## EXERCISE DESCRIPTION
Starting from the line with "New 6V 800mA", transcribe each line to the end of the records below. Copy them exactly and write nothing else.

[Excerpts from a dataset]

****************************************

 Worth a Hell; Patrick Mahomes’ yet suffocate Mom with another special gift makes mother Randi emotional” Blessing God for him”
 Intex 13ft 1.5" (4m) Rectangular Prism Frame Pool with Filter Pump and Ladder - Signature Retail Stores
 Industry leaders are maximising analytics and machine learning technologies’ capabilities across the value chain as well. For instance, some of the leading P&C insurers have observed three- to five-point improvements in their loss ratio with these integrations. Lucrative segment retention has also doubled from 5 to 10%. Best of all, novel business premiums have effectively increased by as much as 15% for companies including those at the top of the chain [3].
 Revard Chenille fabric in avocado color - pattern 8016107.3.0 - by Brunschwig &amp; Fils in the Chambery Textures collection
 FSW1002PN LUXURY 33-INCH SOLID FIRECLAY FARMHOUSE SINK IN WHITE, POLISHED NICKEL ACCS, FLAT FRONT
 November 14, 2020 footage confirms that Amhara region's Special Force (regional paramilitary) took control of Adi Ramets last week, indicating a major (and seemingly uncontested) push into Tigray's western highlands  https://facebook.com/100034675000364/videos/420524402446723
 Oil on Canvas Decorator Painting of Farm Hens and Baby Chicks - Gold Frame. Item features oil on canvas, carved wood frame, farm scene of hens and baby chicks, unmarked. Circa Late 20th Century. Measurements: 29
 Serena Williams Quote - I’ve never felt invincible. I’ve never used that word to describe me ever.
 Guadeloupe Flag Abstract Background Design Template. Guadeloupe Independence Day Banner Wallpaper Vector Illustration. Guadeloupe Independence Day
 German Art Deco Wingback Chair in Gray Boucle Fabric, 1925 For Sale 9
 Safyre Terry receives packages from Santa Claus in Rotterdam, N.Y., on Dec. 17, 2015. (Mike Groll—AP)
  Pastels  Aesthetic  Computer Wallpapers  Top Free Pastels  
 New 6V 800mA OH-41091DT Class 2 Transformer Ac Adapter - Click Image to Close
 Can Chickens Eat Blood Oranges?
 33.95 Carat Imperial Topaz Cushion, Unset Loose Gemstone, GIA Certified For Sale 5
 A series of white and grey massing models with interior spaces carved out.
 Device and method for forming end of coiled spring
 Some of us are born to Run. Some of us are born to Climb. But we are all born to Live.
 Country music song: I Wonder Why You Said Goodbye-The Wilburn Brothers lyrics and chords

****************************************

## EXERCISE RESPONSE
 New 6V 800mA OH-41091DT Class 2 Transformer Ac Adapter - Click Image to Close
 Can Chickens Eat Blood Oranges?
 33.95 Carat Imperial Topaz Cushion, Unset Loose Gemstone, GIA Certified For Sale 5
 A series of white and grey massing models with interior spaces carved out.
 Device and method for forming end of coiled spring
 Some of us are born to Run. Some of us are born to Climb. But we are all born to Live.
 Country music song: I Wonder Why You Said Goodbye-The Wilburn Brothers lyrics and chords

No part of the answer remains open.